▶ **Assignment**: Start at the line in the entries below that contains "qatar 777-300 seat map", stop at the line that contains "Índice De Equipos", and output exactly the lines in that span, both ends included.

▶ **Task input**:
========================================================================
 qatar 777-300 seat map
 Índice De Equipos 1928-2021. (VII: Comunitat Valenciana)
========================================================================
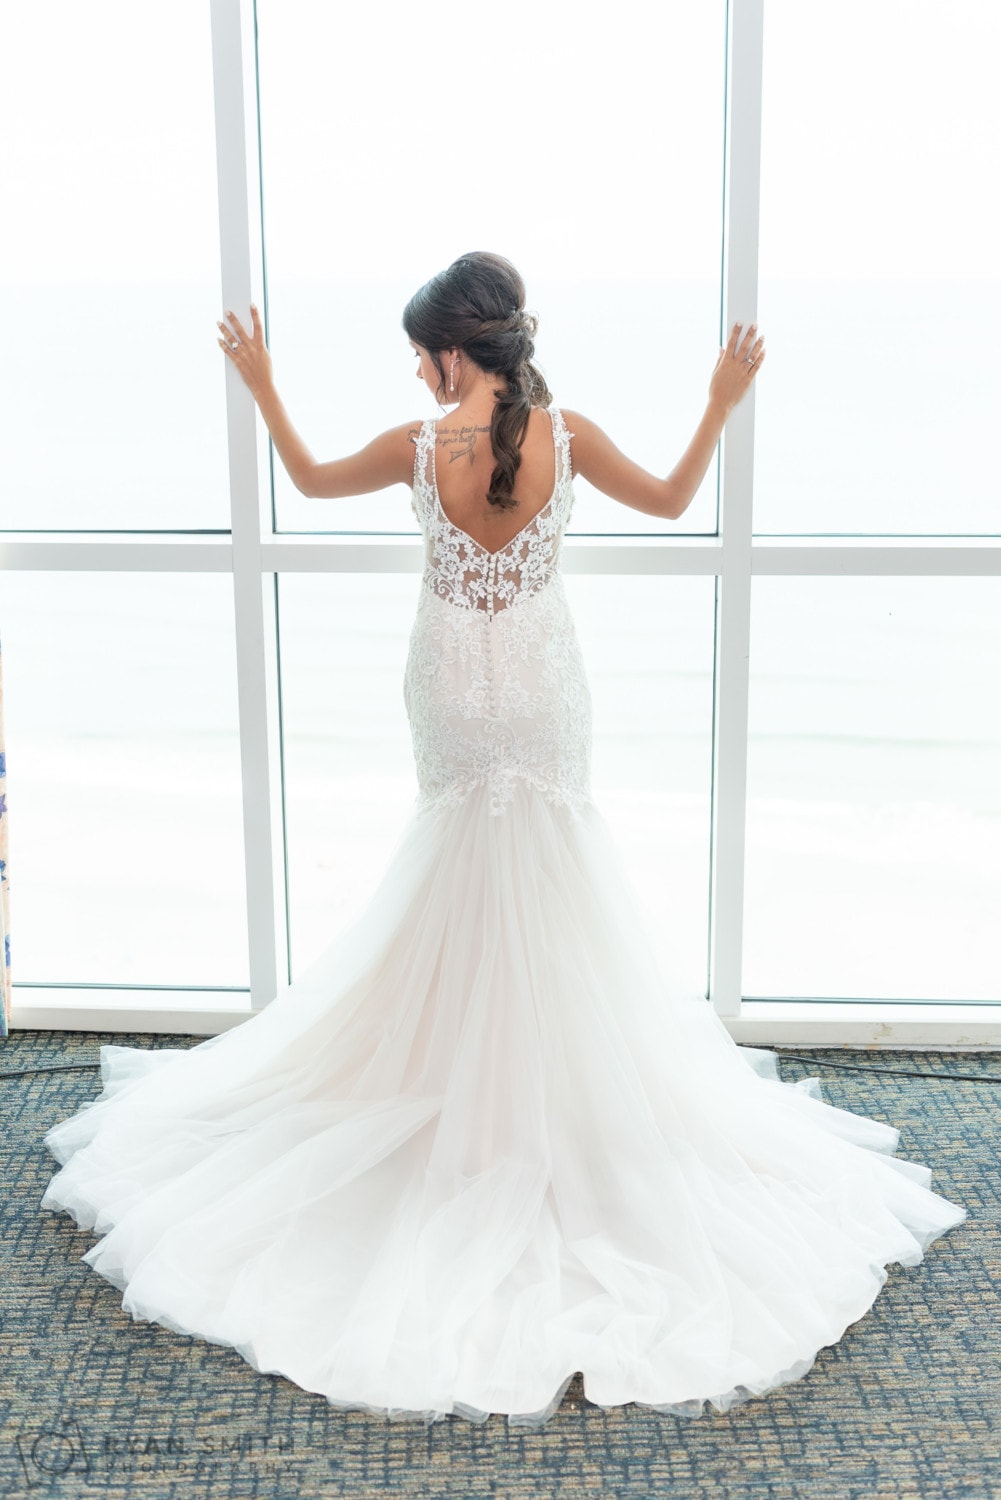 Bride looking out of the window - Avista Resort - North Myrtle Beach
========================================================================
▶ **Answer for the task**:
 qatar 777-300 seat map
 Índice De Equipos 1928-2021. (VII: Comunitat Valenciana)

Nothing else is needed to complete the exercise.